**Your task**
Nothing but the lines below from the one with "Mr Men & Little" through the one with "160425123836-transgender-bathroom-illustration" should be output, each exactly as given, and no pictures.

**Information given**
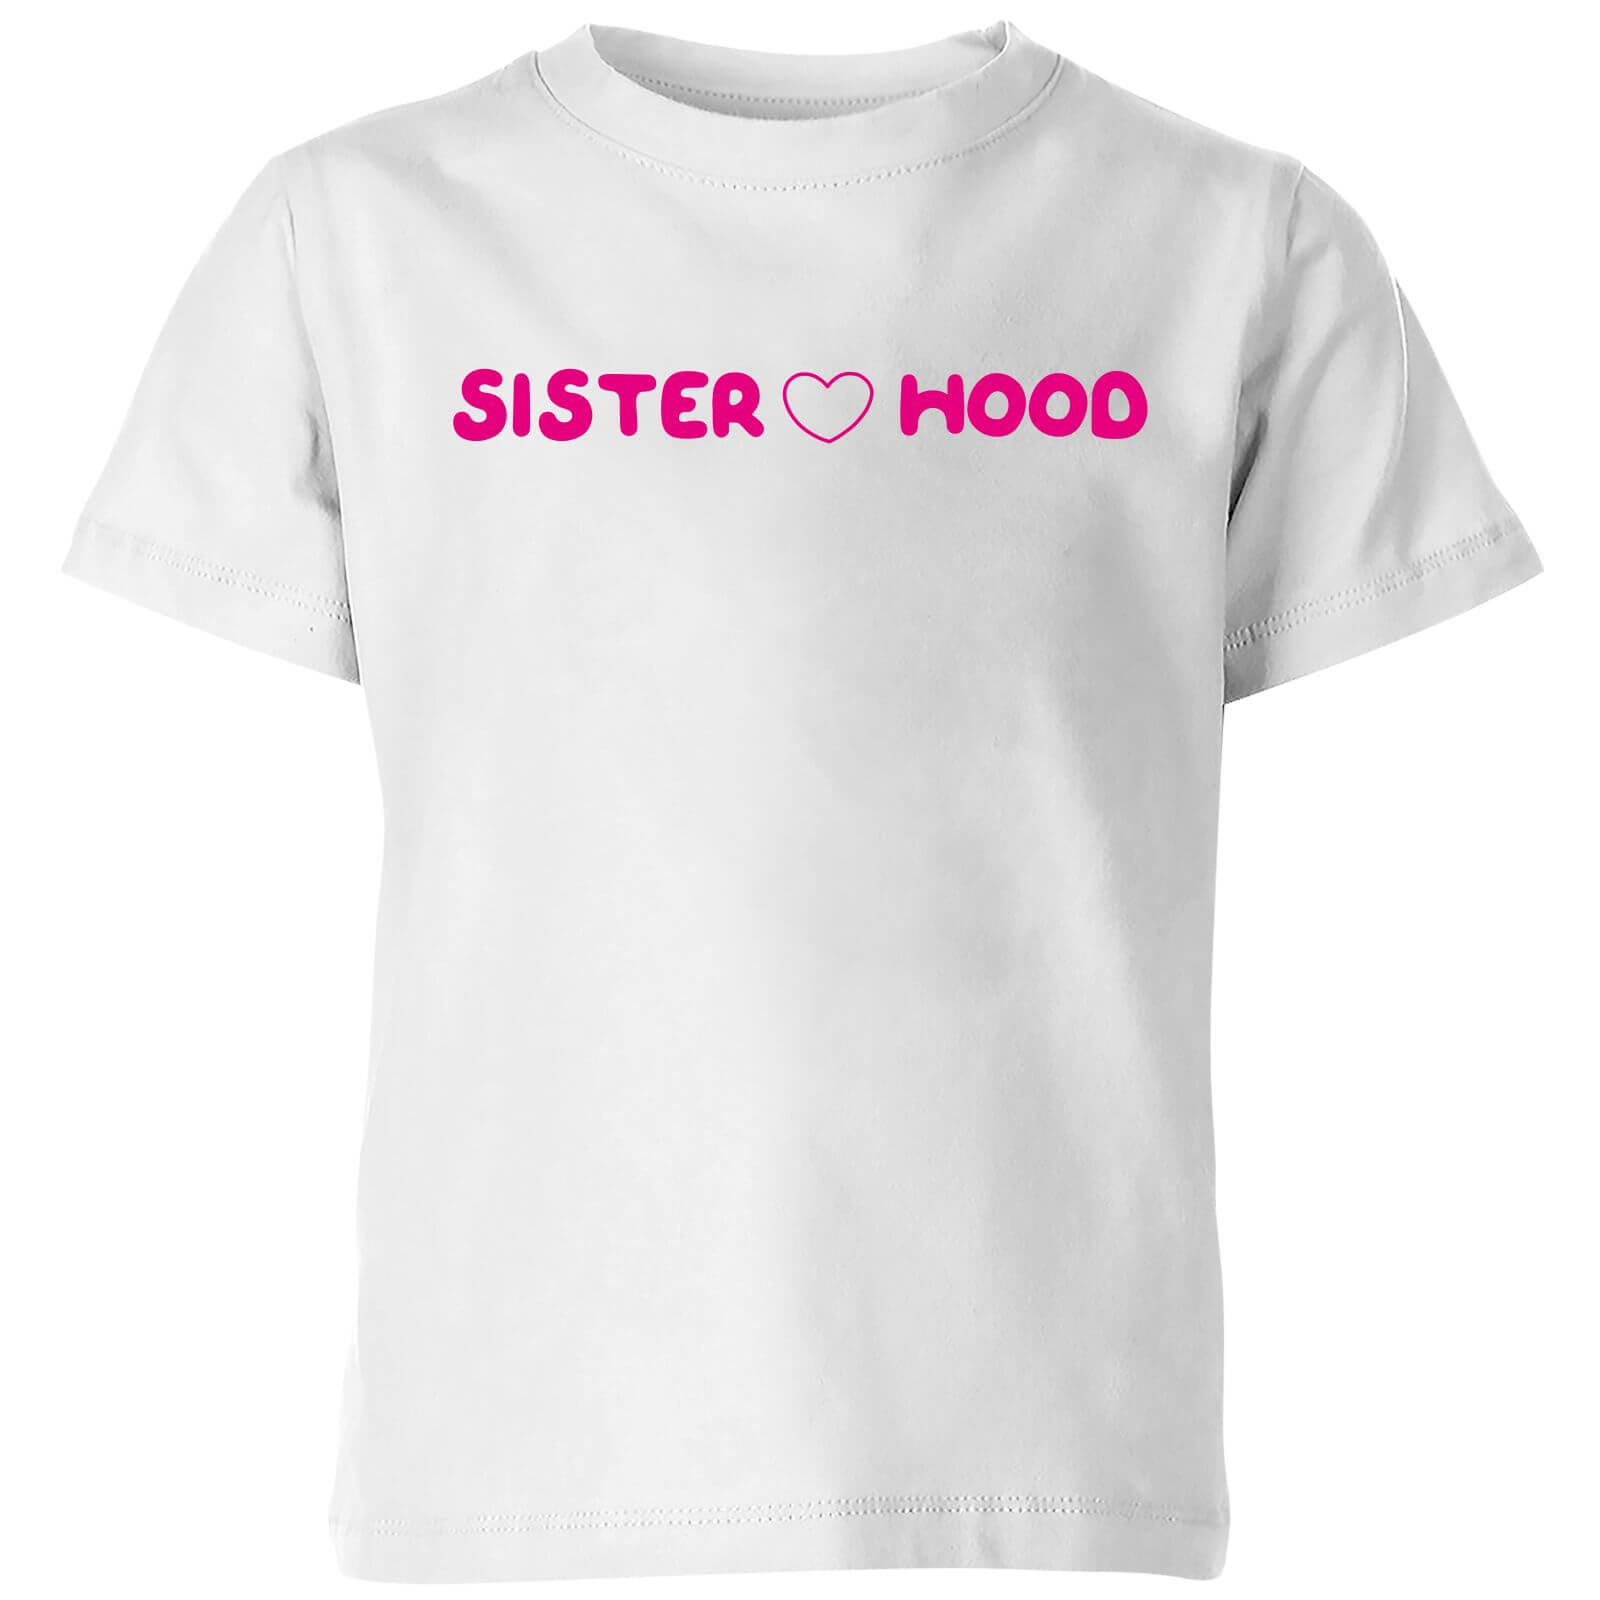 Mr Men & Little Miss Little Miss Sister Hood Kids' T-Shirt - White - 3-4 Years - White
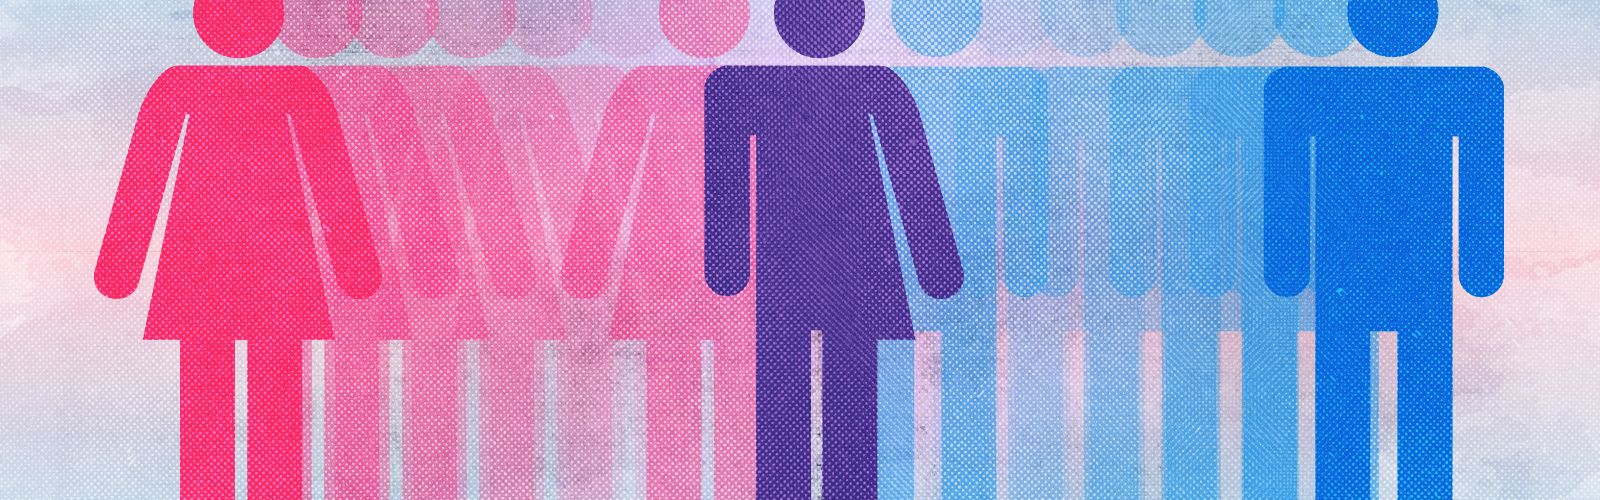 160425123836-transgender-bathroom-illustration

---

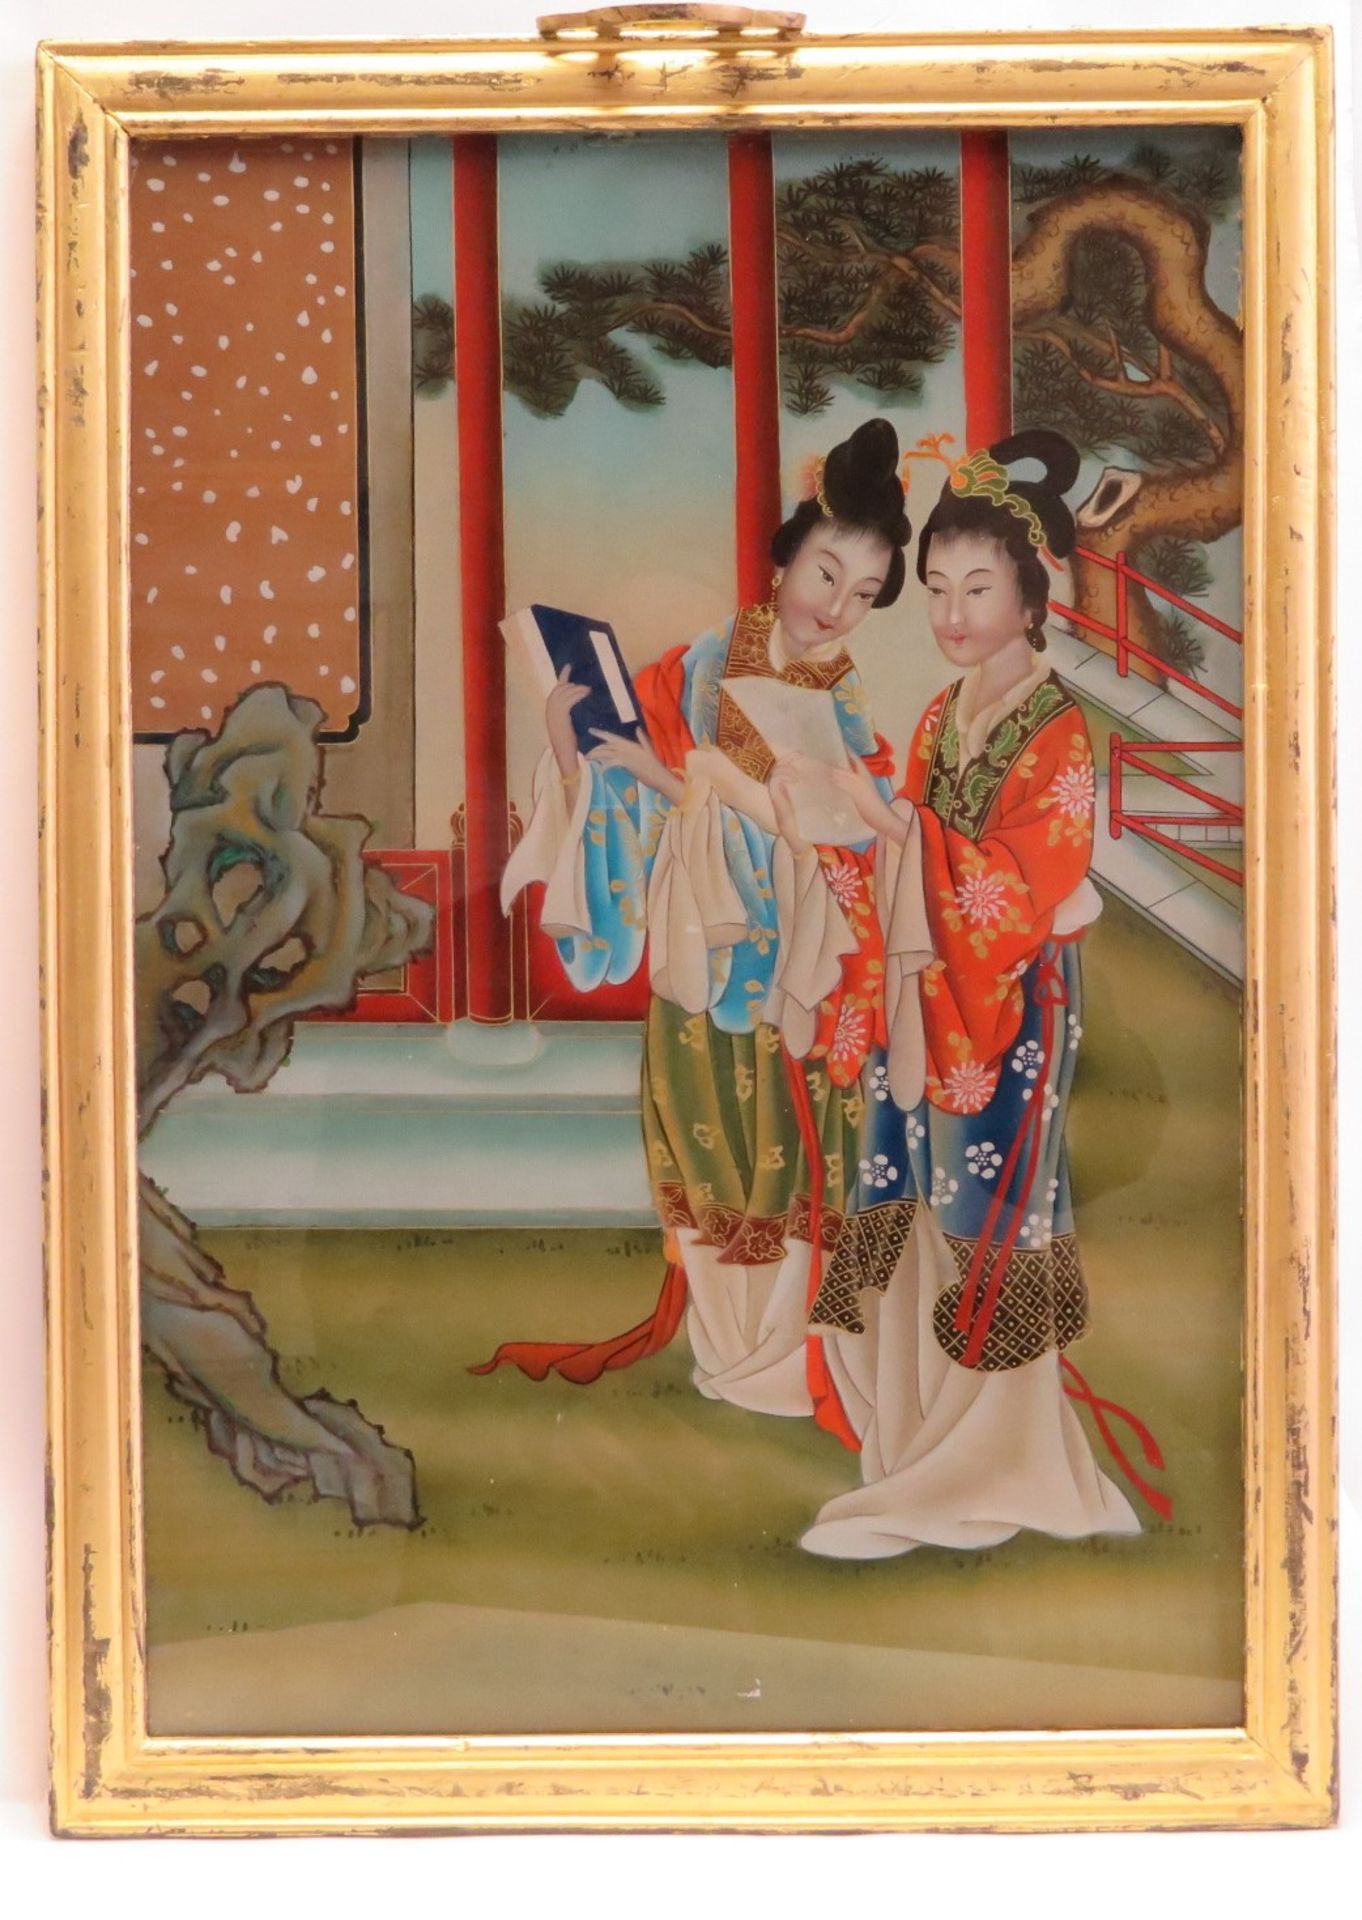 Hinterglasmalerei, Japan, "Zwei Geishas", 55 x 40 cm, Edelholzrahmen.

**Result for this task**
 Mr Men & Little Miss Little Miss Sister Hood Kids' T-Shirt - White - 3-4 Years - White
 160425123836-transgender-bathroom-illustration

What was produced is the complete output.